How do I query the Exchange 2010 Audit logs for timestamped actions performed on a mailbox by its OWNER ?
Saturday, May 05, 2012 5:47 AM
I intend to use auditing to discover which of a CEO's 4 exchange-enabled laptops is moving emails to Deleted Items and exactly when it is occuring. I need help querying for the audited information. The TechNet articles I have seen contain some query commands that I have tried to modify, but they don't produce any output (errors instead).
I believe I have enabled logging correctly, but I am receiving an error when attempting to query for the OWNER activities in the Exchange Command Shell. I tried to use the ECP via OWA, but it appears that it can only query non-owner access to a mailbox. I would like to query for OWNER items that have been logged. Ideally, I would like to get timestamps and source hostname/IP. Can anyone help me?
Set-Mailbox -Identity "themailbox" -AuditEnabled $true
So far, I have enabled auditing of the OWNER user by using the following two commands:
Set-Mailbox -Identity "themailbox" -AuditOwner MoveToDeletedItems,Move,SoftDelete,HardDelete -AuditEnabled $true
I have confirmed that the desired auditing is active by running the following command:
Get-Mailbox themailbox | FL Name, Audit*
But now, how to query for the OWNER access? Or, can I look at an Event Log somewhere? Exchange 2007 seemed to hold some of this information in an Exchange Auditing Log, but this doesn't appear to be present in my SBS 2011 server.
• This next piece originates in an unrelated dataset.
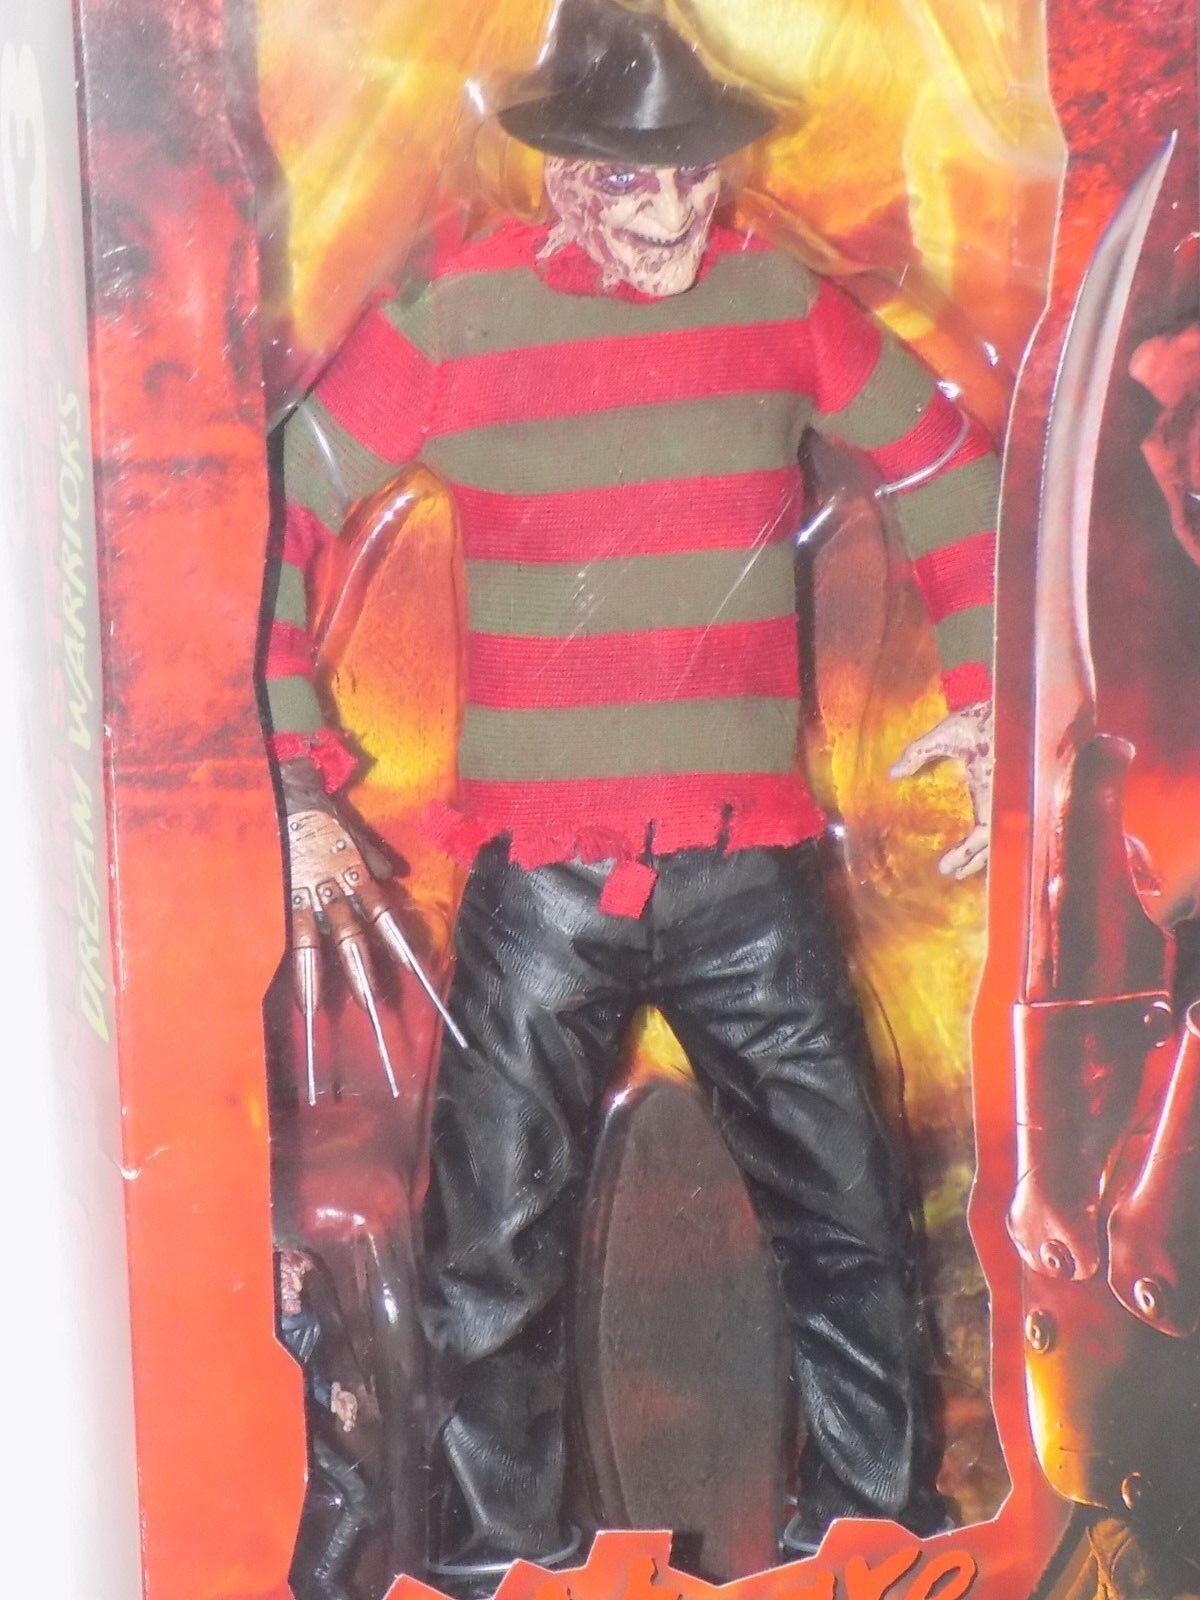 Mezco 12in Frossody Krueger Nightmare Elm st Factory Sealed Deluxe Figure

I'm stumped.
Thanks in advance!
Monday, May 07, 2012 7:01 AMModerator
The owner’s access will be audited.
I’d suggest you run Search-MailboxAuditLog tu query for the owner access. For detailed, please refer to:
Search the Mailbox Audit Log for a Mailbox
Understanding Mailbox Audit Logging
hope it is helpful.
TechNet Community Support
- Proposed As Answer by Fiona_LiaoMicrosoft Contingent Staff, Moderator Monday, May 07, 2012 7:03 AM
Monday, May 07, 2012 9:17 AM
You can do it like this:
New-MailboxAuditLogSearch "name of search" –StartDate “05/01/2012” –EndDate “05/16/2012” –Mailboxes “Mailbox_to_check" –LogonTypes Owner,Admin,Delegate -ShowDetails –StatusMailRecipients firstname.lastname@example.org
this will generate full audit report and send it to mailbox (email@example.com) as a xml file. This file you can open in Excell.
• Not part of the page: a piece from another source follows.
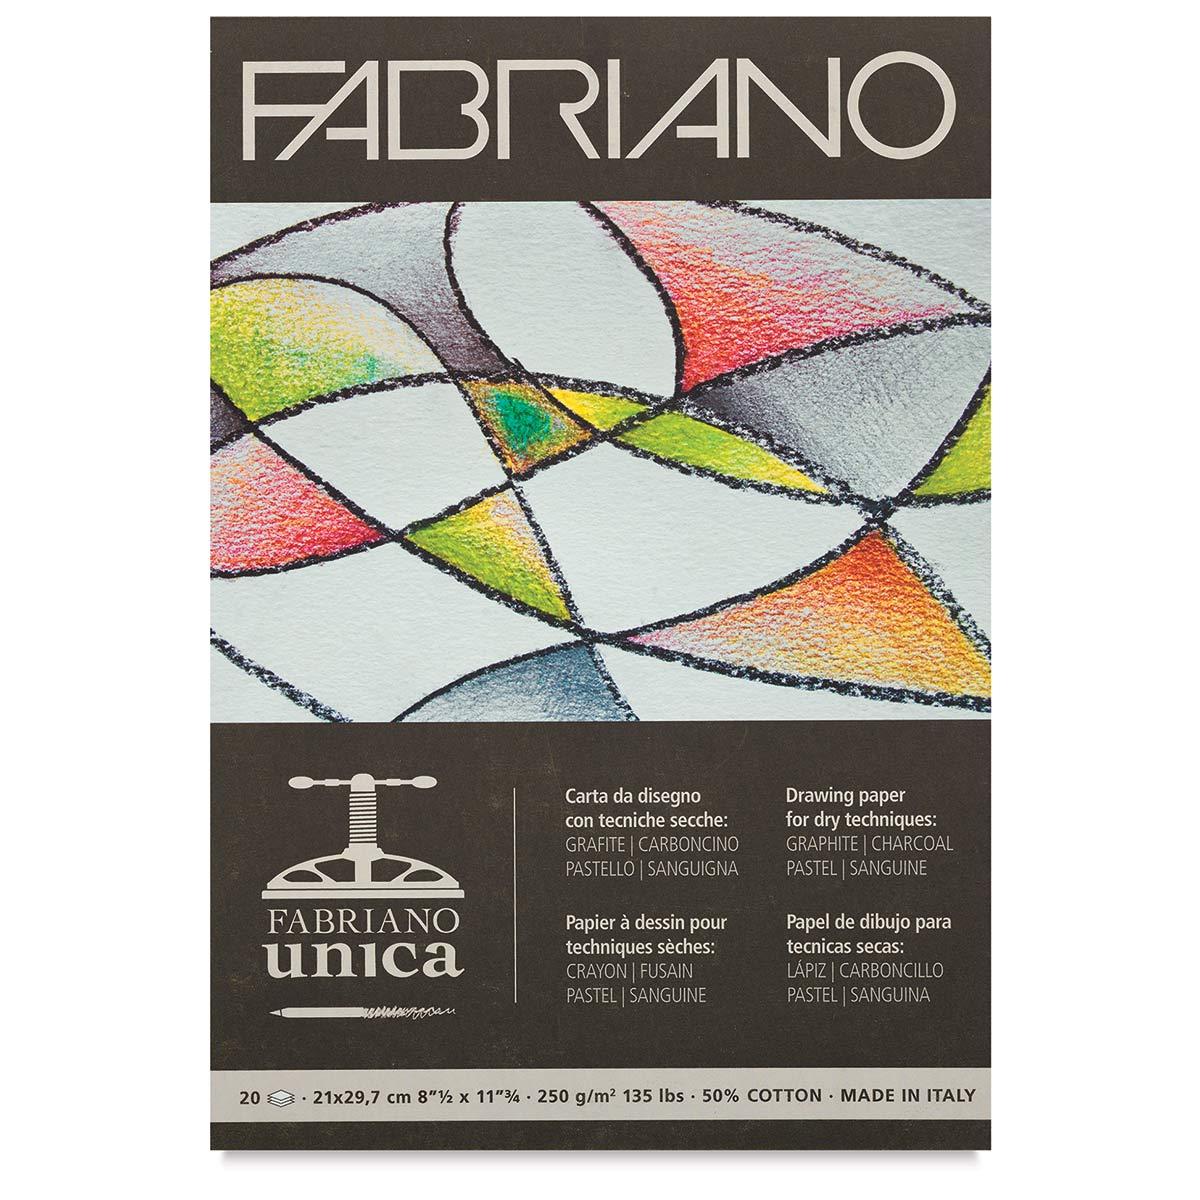 Fabriano Unica Printmaking Paper Pad - White, 8-1/4 x 11-3/4, 20 Sheets

In mailbox_to_Check you can write Display name or smtp address.
Report is generated for a few minutes sometimes 20 minutes.
When you use only search-mailboxauditlog you won't get subjects of emails only ID's.
- Marked As Answer by Relion Support Inc Monday, May 07, 2012 3:31 PM
Monday, May 07, 2012 3:31 PMExcellent, this returns exactly the output I was hoping for. Thank you!